Intel DDIO, LLC cache, buffer alignment, prefetching, and packet rates

ori_b · on April 12, 2015

One thing that I've always wondered was why it seems like most cache line mappings seem to collide at powers of two -- since so much software uses power of two sized buffers, it seems like it would be a big win to bucket by some non power of two size.

dfox · on April 12, 2015

The point of having less-than-fully-associative cache is that it is both cheaper and faster than fully-associative one. Using some kind of complex mapping would require significant additional circuitry, which would certainly introduce significant additional delay (or even additional clock cycle).

ori_b · on April 12, 2015

I'm not saying that the cache should be fully associative, I'm saying that instead of each bucket being a power of two, make it a prime number -- eg, 67 byte cache lines instead of 64, for example, seem to me like they would prevent quite a bit of aliasing with common data sizes.

There would be more circuitry to divide the addresses. I haven't done too much with hardware (only some light FPGA experience), so I don't know how much extra, but it doesn't feel like it would be prohibitive. I could be wrong.

(If you're aware of someone doing analysis on that, I'd be curious to see it -- I haven't seen any.)

jkloosterman · on April 12, 2015

Computer architecture researchers have been working at this for a long time. Here's a recent paper on a technique to do the division and modulus operations for arbitrary numbers of cache banks and set sizes.
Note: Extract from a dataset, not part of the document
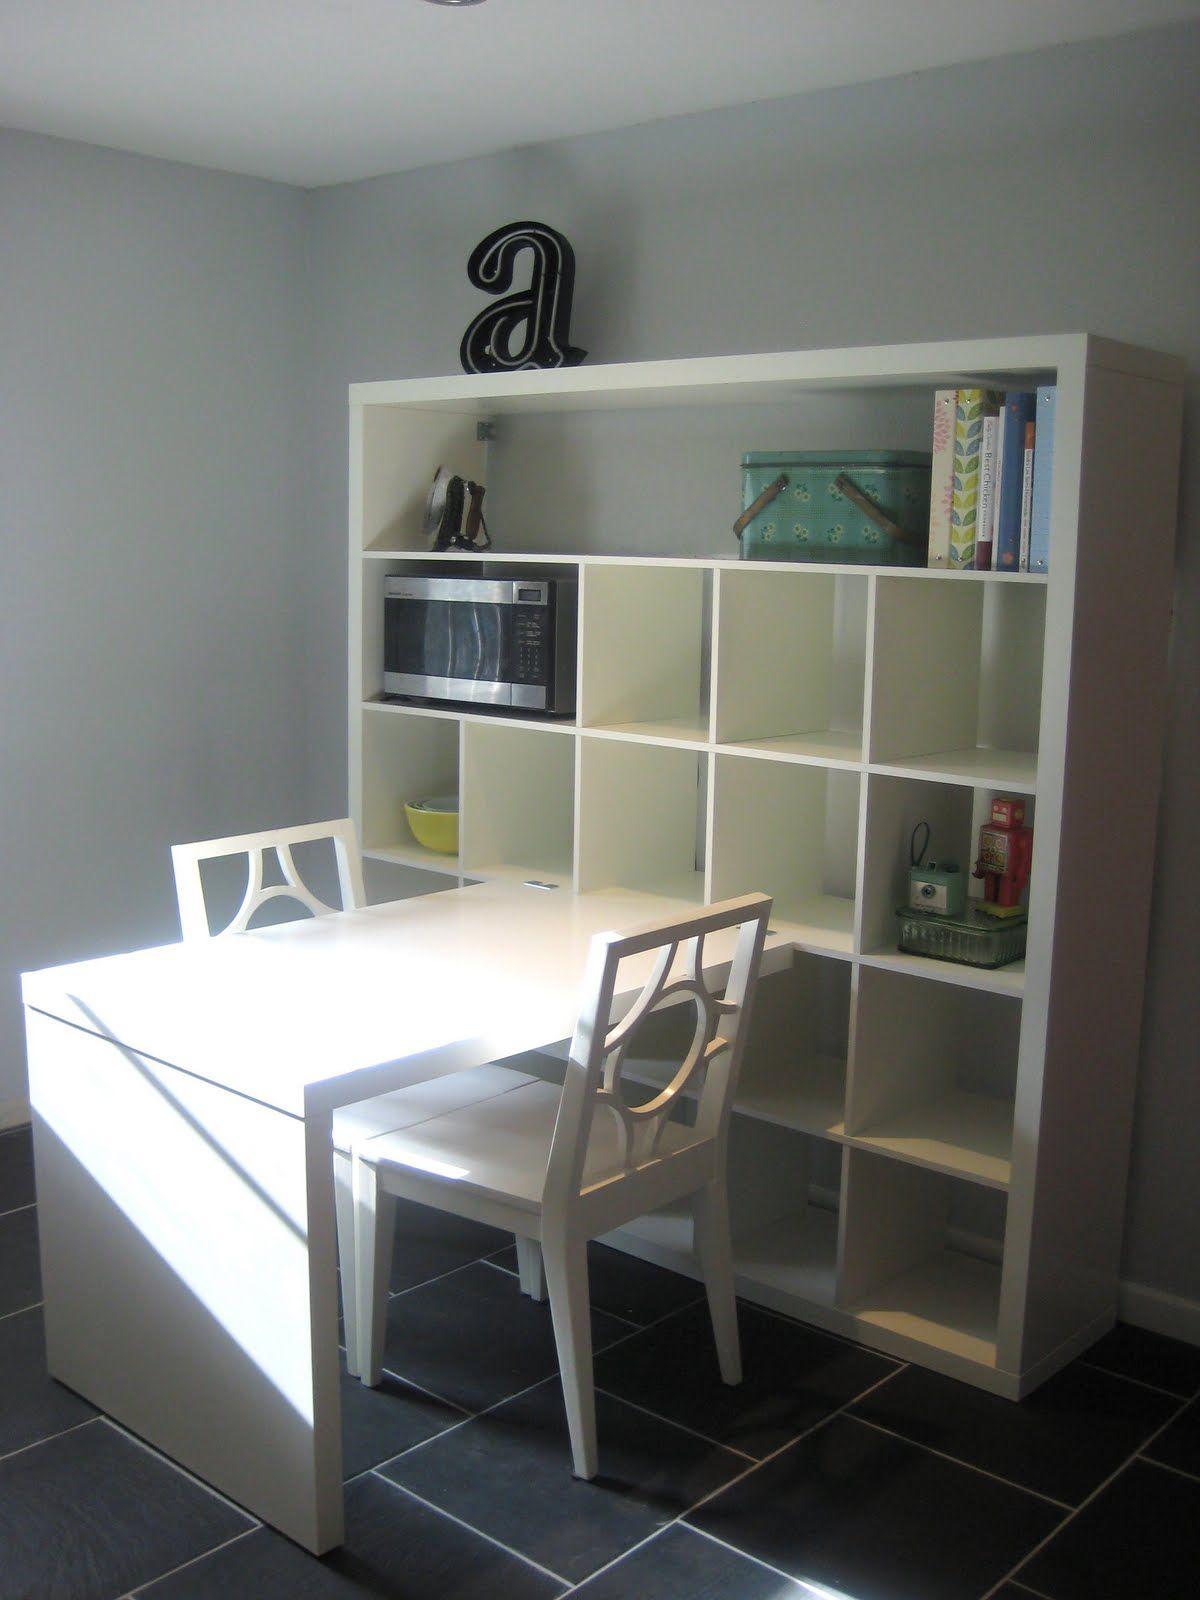 ikea expedit bookshelves and desk scrapbook nook
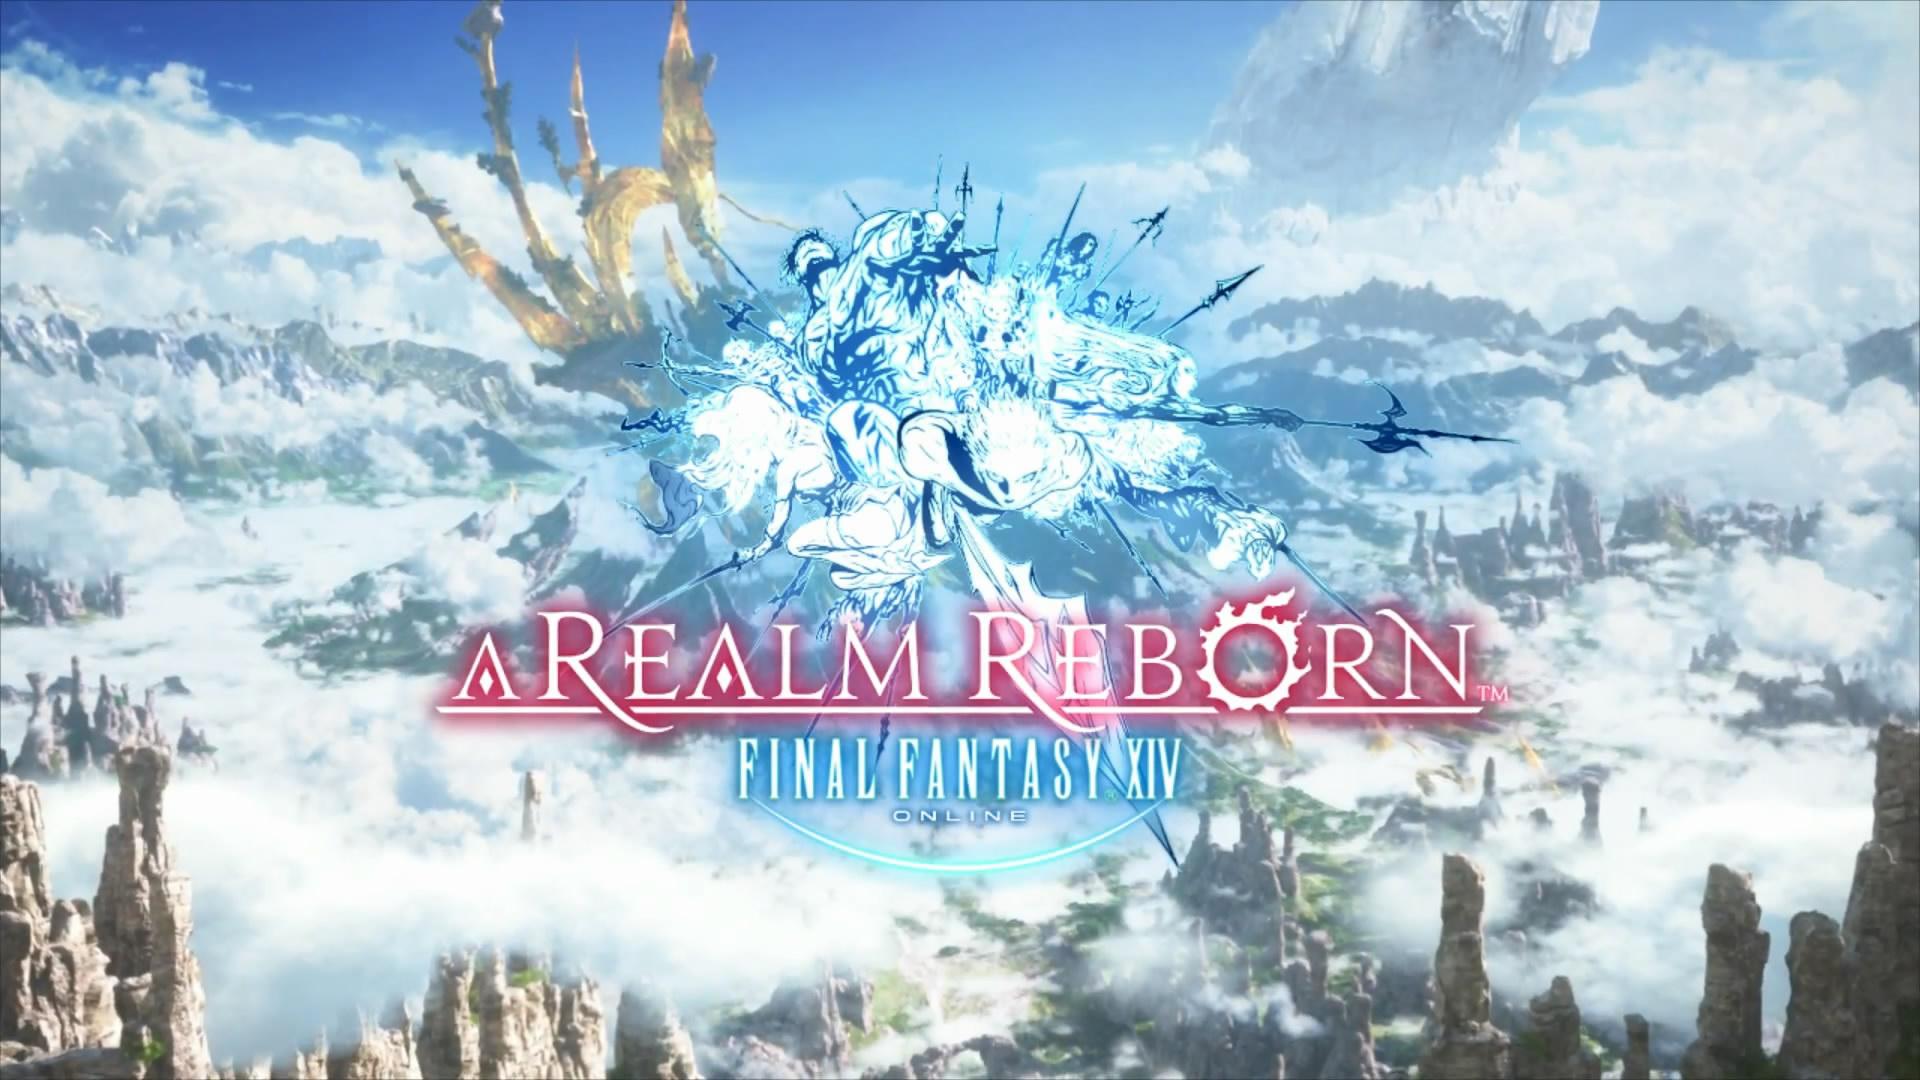 Final-Fantasy-XIV-A-Realm-Reborn-Wallpaper

http://www.cs.utexas.edu/~skeckler/pubs/MICRO_2014_Modulus_I...

They evaluate the technique on a GPU because bank and set conflicts can lead to bad performance more easily on a GPU than a CPU.

dfox · on April 12, 2015

What I meant is that making the cache fully-associative would result in faster implementation than N-way associative with non-power-of-2 cache line size or bucket count because of the additional circuitry involved in selecting right bucket (integer modulus and so on).

Interesting trick is using different values for cache index and tag (logical address for index and physical address as tag is common, but that's mostly about doing cache lookup concurrently with TLB lookup). In theory one could use result of some hash function as index, which would certainly change the aliasing behavior (although it is not exactly certain that such change would be for the better) and again, there is the additional cost of calculating said hash function (in combinatorial logic and with reasonably small delay).

MarkSweep · on April 12, 2015

I don't know much about this either, but I think if cache line size is not a multiple of the RAM transfer size, bandwidth will be wasted.

zerohp · on April 12, 2015

It would be prohibitively slow. Division and modulus are the slowest integer operations.

TheLoneWolfling · on April 13, 2015

Correction: Division by arbitrary integer valued variables are the slowest integer operations.

You can accomplish division by a constant / modulus by a constant without a full division, however. For example, (x == x % 256 - x * 256), mod 257. That sort of thing.

ramubhai · on April 12, 2015

Processor cache optimisations feel like true fine-art. :)

userbinator · on April 13, 2015

Incidentally, unaligned data accesses on x86 CPUs have been basically as fast as aligned ones in most cases for the past few years:

http://lemire.me/blog/archives/2012/05/31/data-alignment-for...